■ TASK INSTRUCTIONS: Retype, with no pictures, each line from the one that holds "Lacrosse Women's Grange" through the last line of the entries below, both included.

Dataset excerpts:
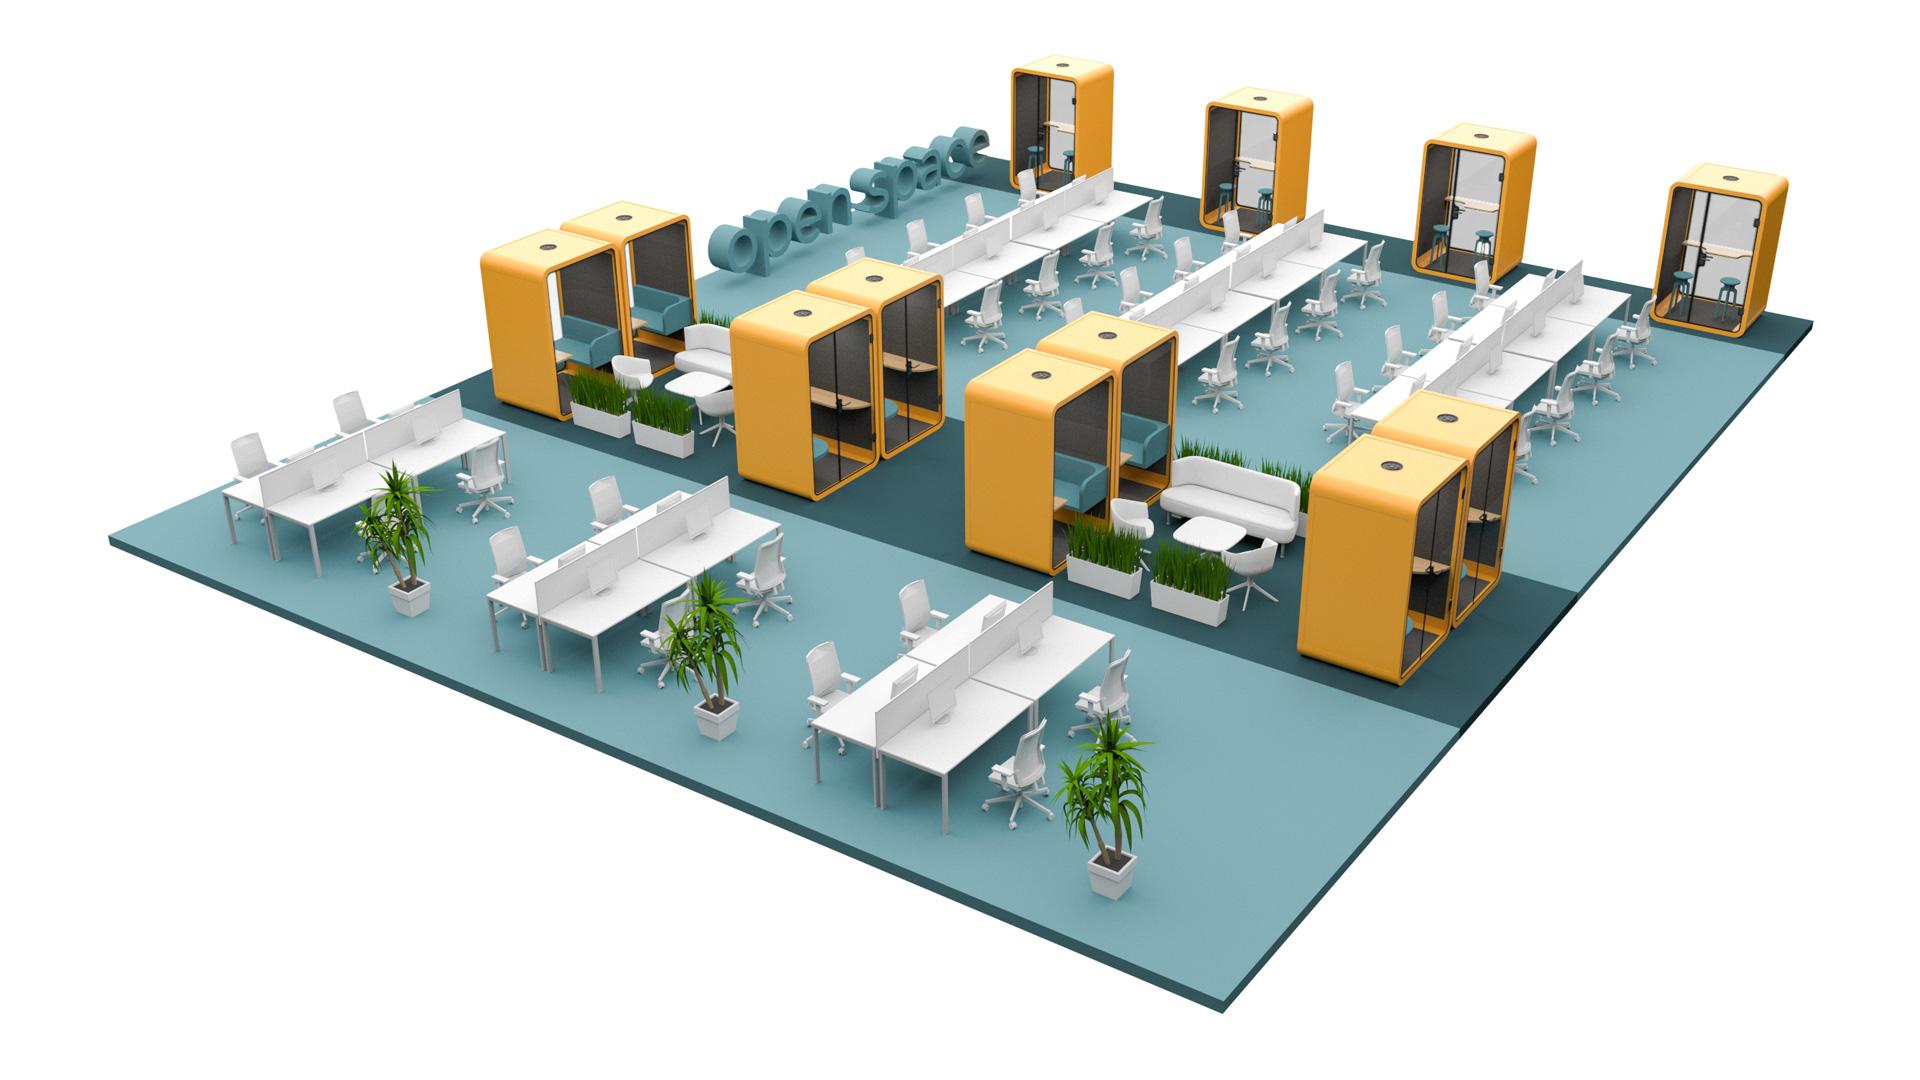 Przykład wizualny zastosowania budki akustycznej Silent Room w biurze typu open space
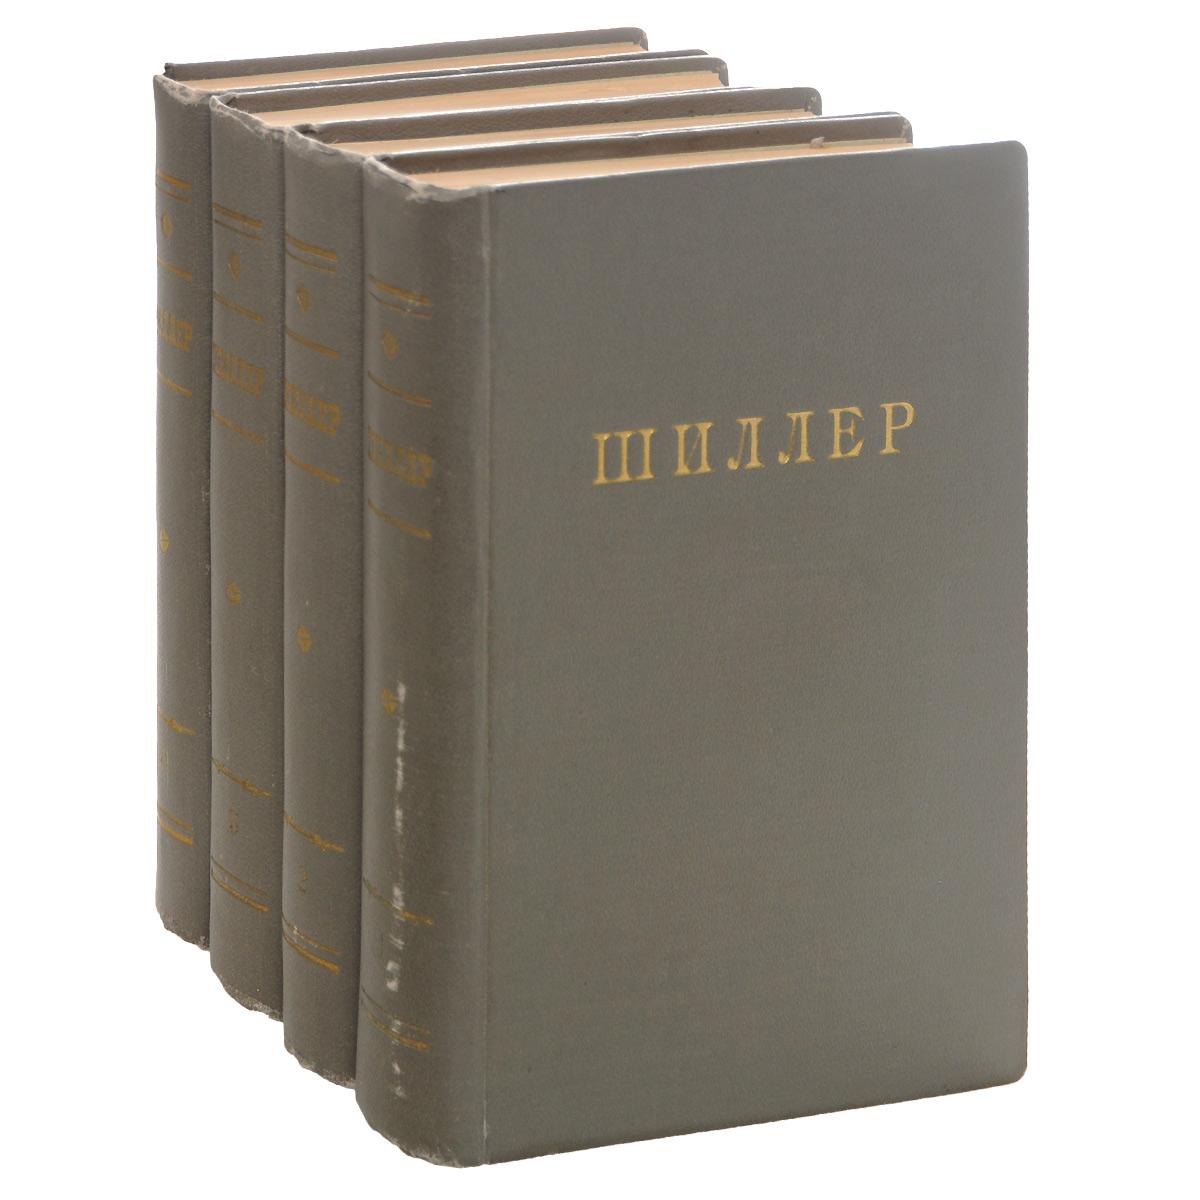 Шиллер. Собрание сочинений в 4 томах (комплект из книг)
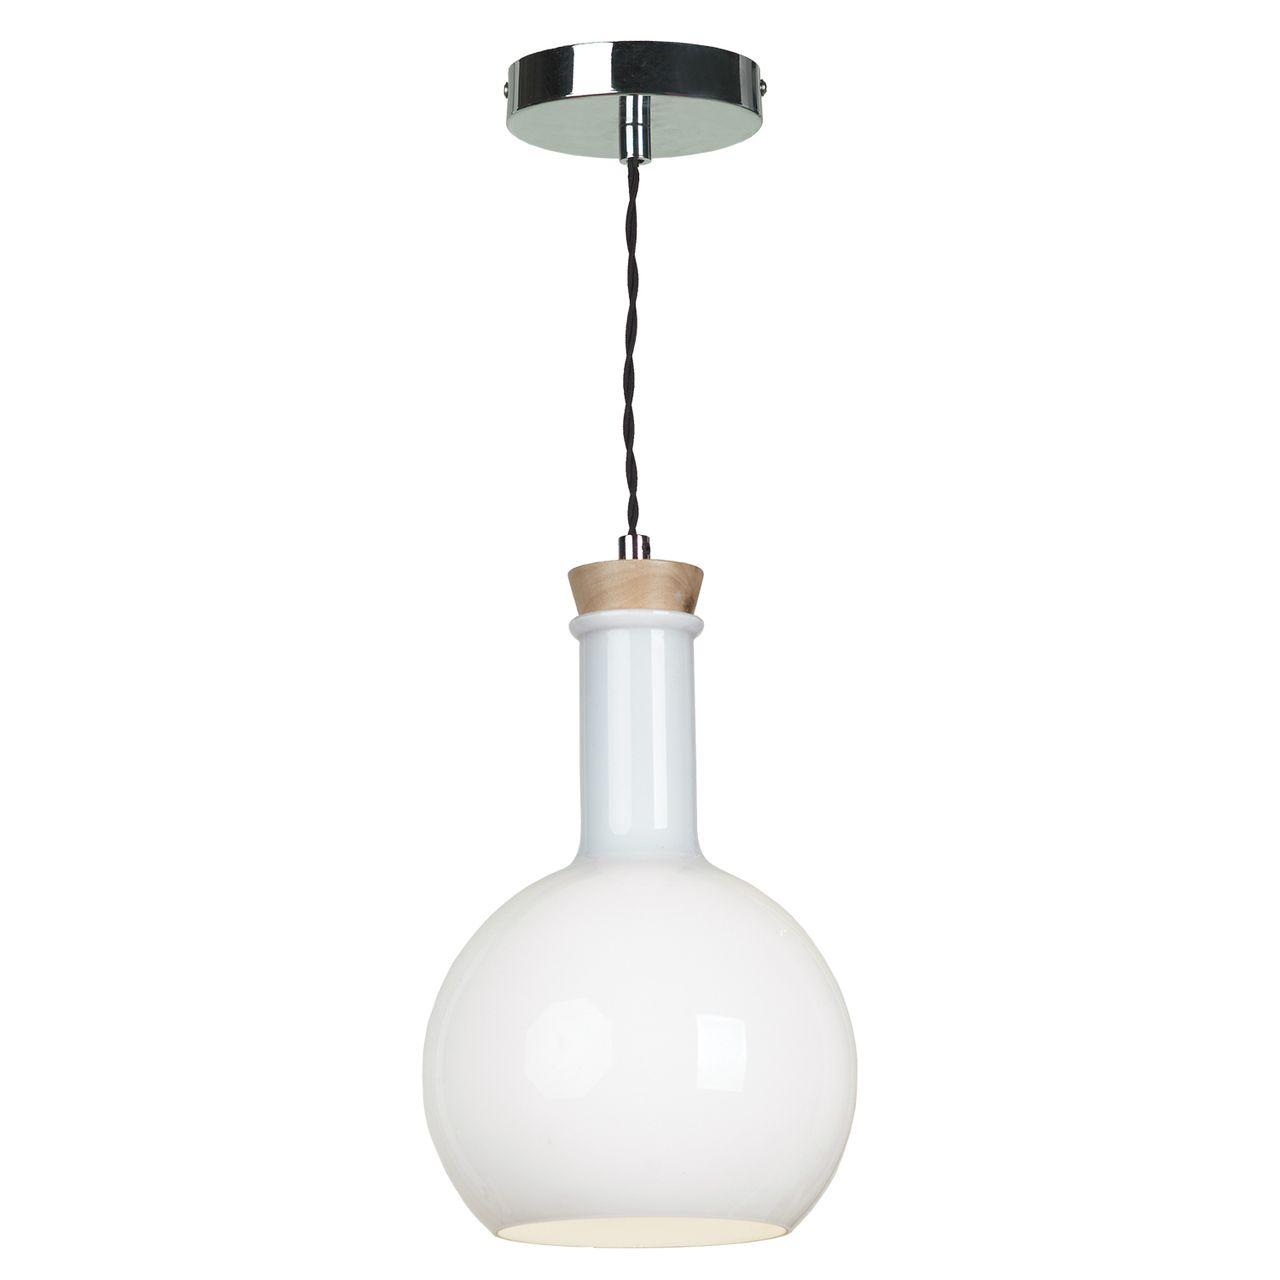 Подвесной светильник Lussole Loft 5 LSP-9637 lussole loft подвесной светильник lussole loft lsp 9667
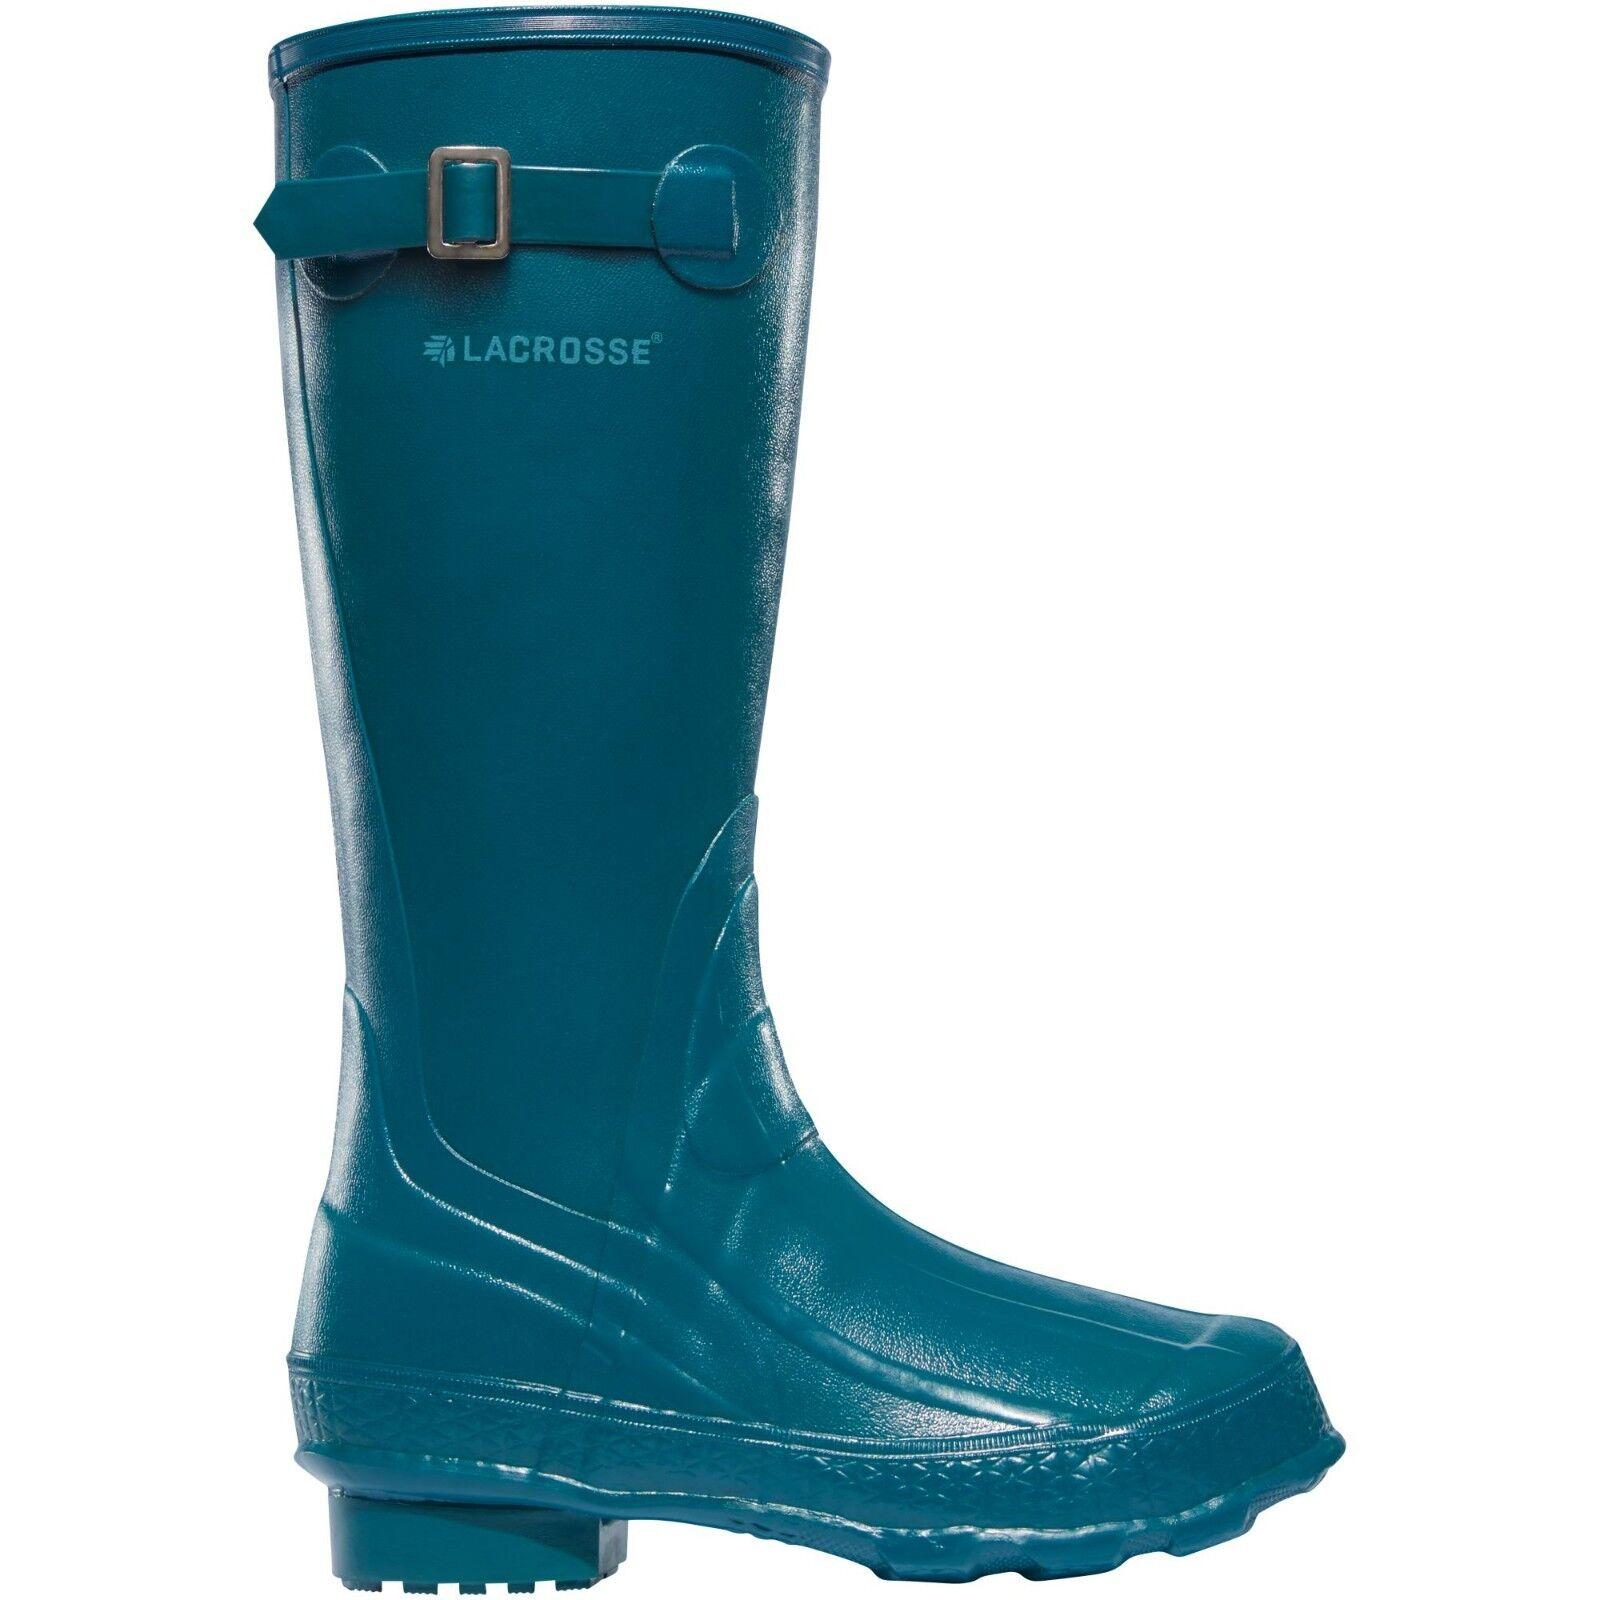 Lacrosse Women's Grange 14  Celestial bluee Rubber Work Boots US Sizes
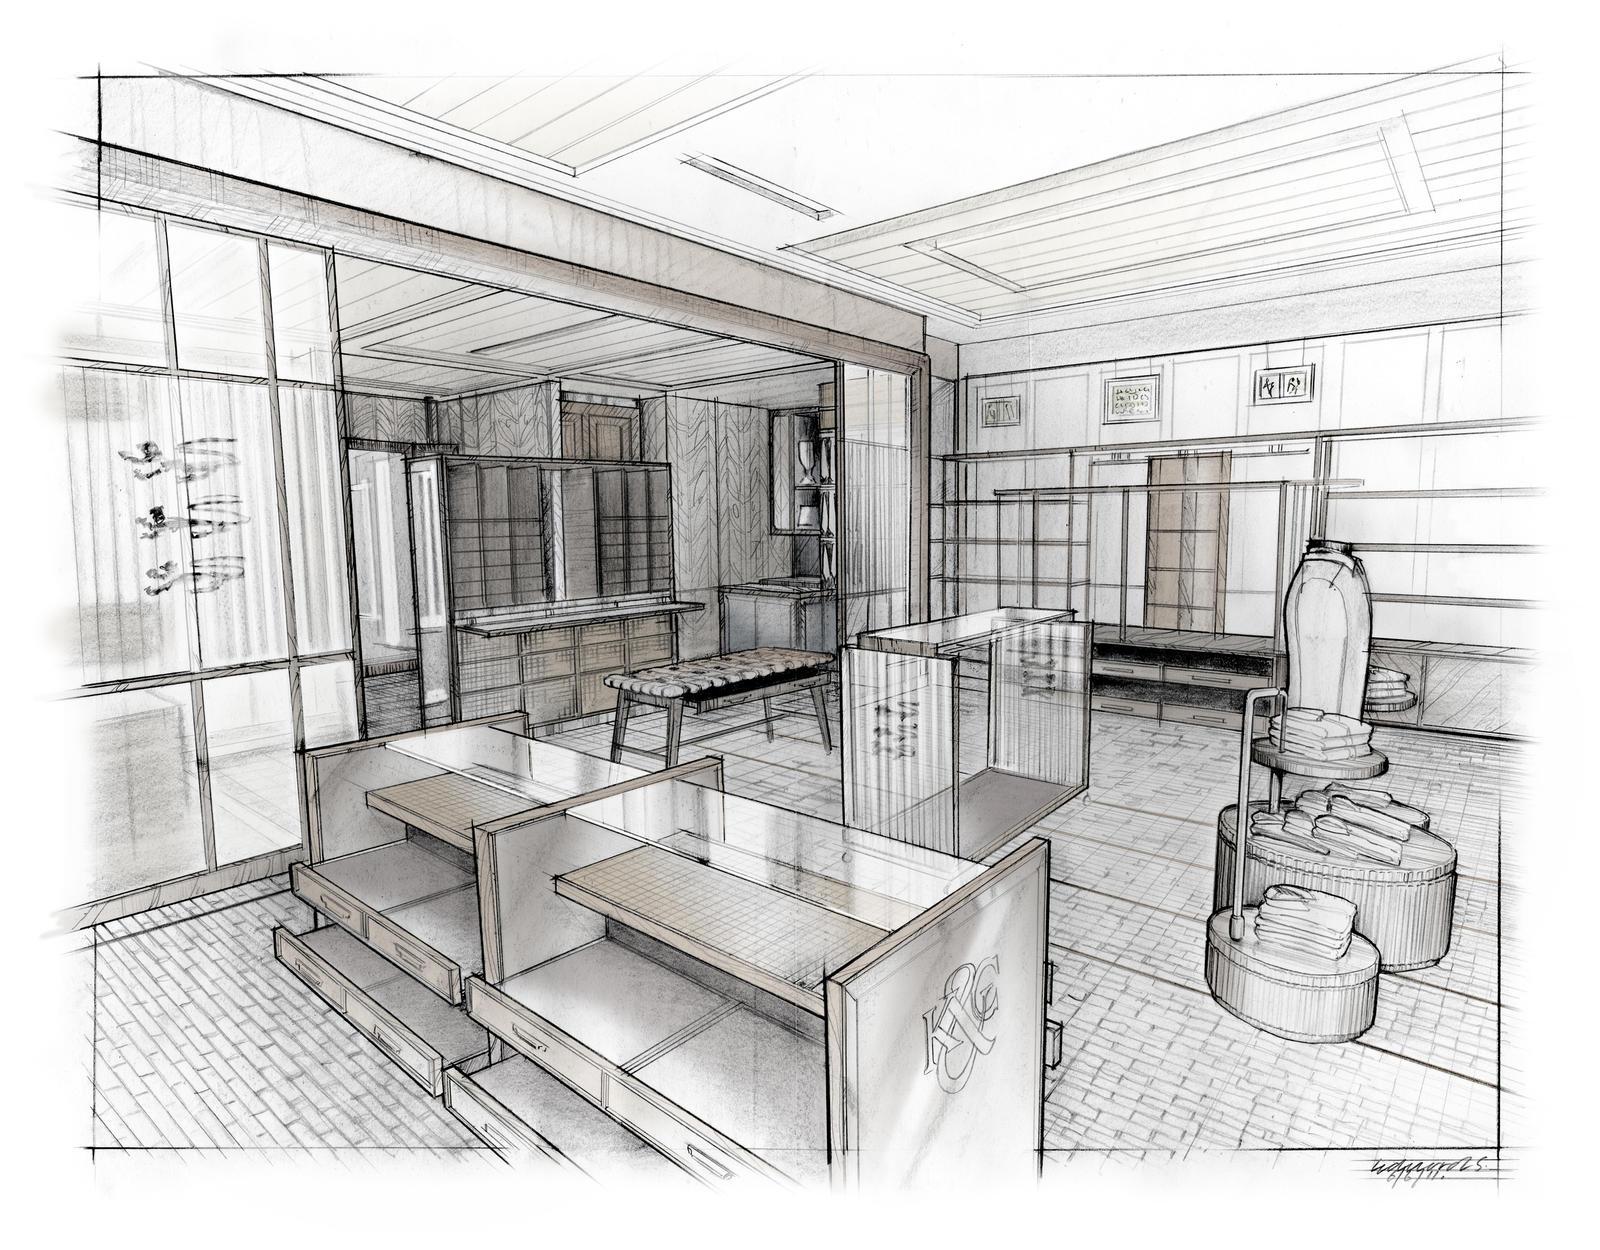 interior perspective render by dreadwardo

■ TASK RESPONSE:
 Lacrosse Women's Grange 14  Celestial bluee Rubber Work Boots US Sizes
 interior perspective render by dreadwardo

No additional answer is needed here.